Research from the University of Illinois at Urbana-Champaign suggests that hydraulic fracturing is linked to an increase in traffic-related accidents and fatalities in so-called fracking “boomtowns.”

In addition to the environmental concerns surrounding fracking, wherein a mixture of chemicals and water are forcibly injected into rock for the purpose of extracting oil and gas, researchers are also suggesting that traffic hazards have increased in fracking boomtowns.

This, according to researchers, is due to an uptick in traffic associated with fracking operations. Large trucks tasked with hauling vast amounts of wastewater from fracking operations reportedly increase traffic in and around fracking sites, generally in regions where the infrastructure is not equipped to handle the increased traffic burden. As such, the researchers believe there has been a corresponding increase in traffic accidents and fatalities in those regions.

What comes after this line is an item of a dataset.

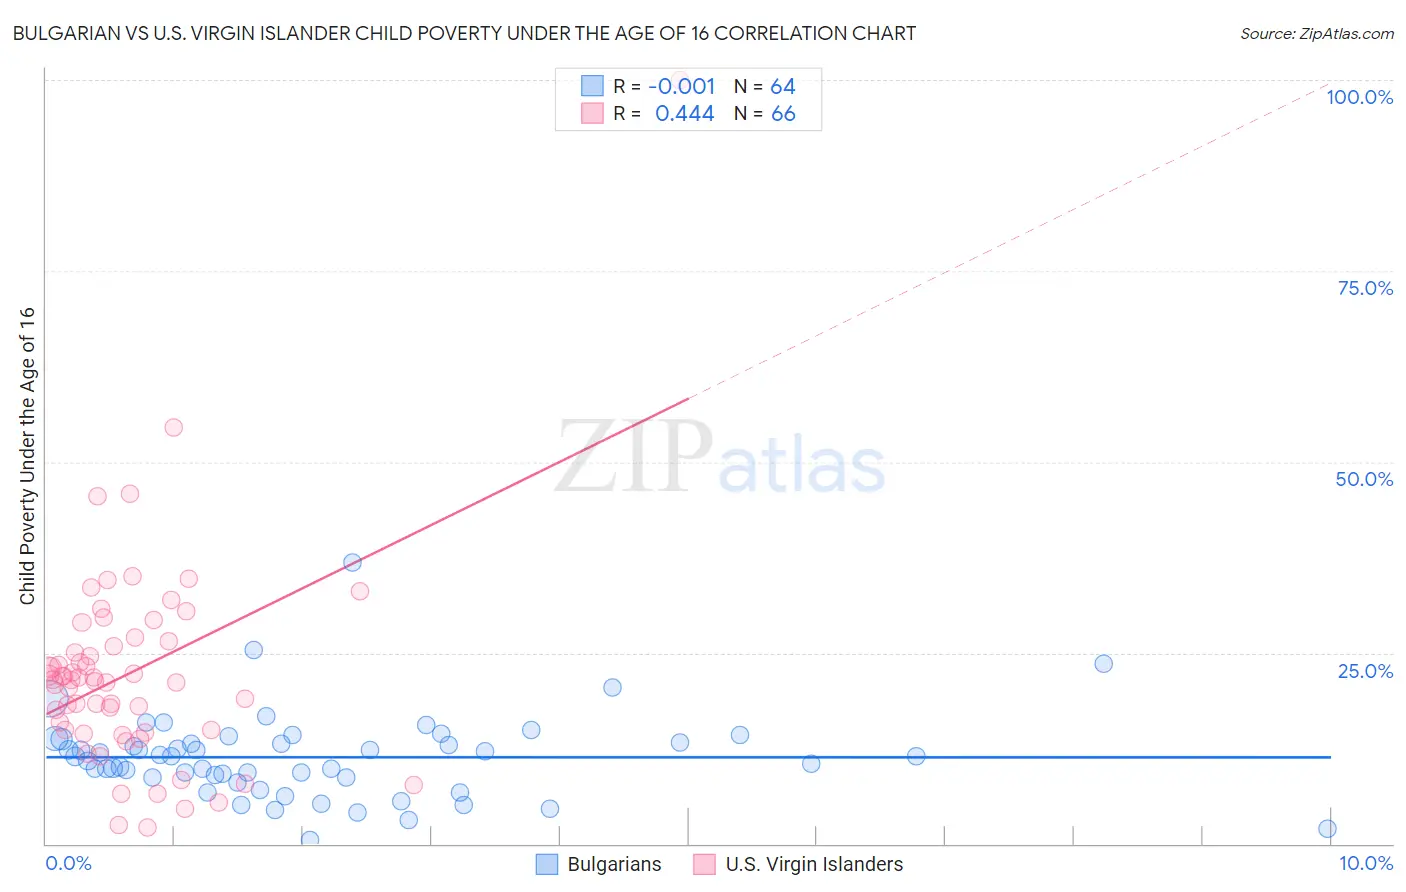 Bulgarian vs U.S. Virgin Islander Child Poverty Under the Age of 16

To demonstrate, researchers examined the number of fatal traffic accidents that occurred in the Bakken Formation in North Dakota between 2006 and 2014 in relation to fracking activity in that region. According to the findings, researchers determined that there was an 8% increase in fatal crashes that occurred within six miles of fracking wells.

A possible solution recommended by the University of Illinois at Urbana-Champaign team is to tax each well or to create tolls for transporting the wastewater. The study also recommends creating an alert or warning system to let local drivers know about an increase in fracking vehicle activity at those locations. Likewise, the researchers also recommend that the oil and gas industry improve overall safety by redistributing traffic loads to off-peak hours or to develop onsite wastewater disposal or treatment facilities in lieu of transporting the water.

The research appears in the Journal of Environmental Economics and Management.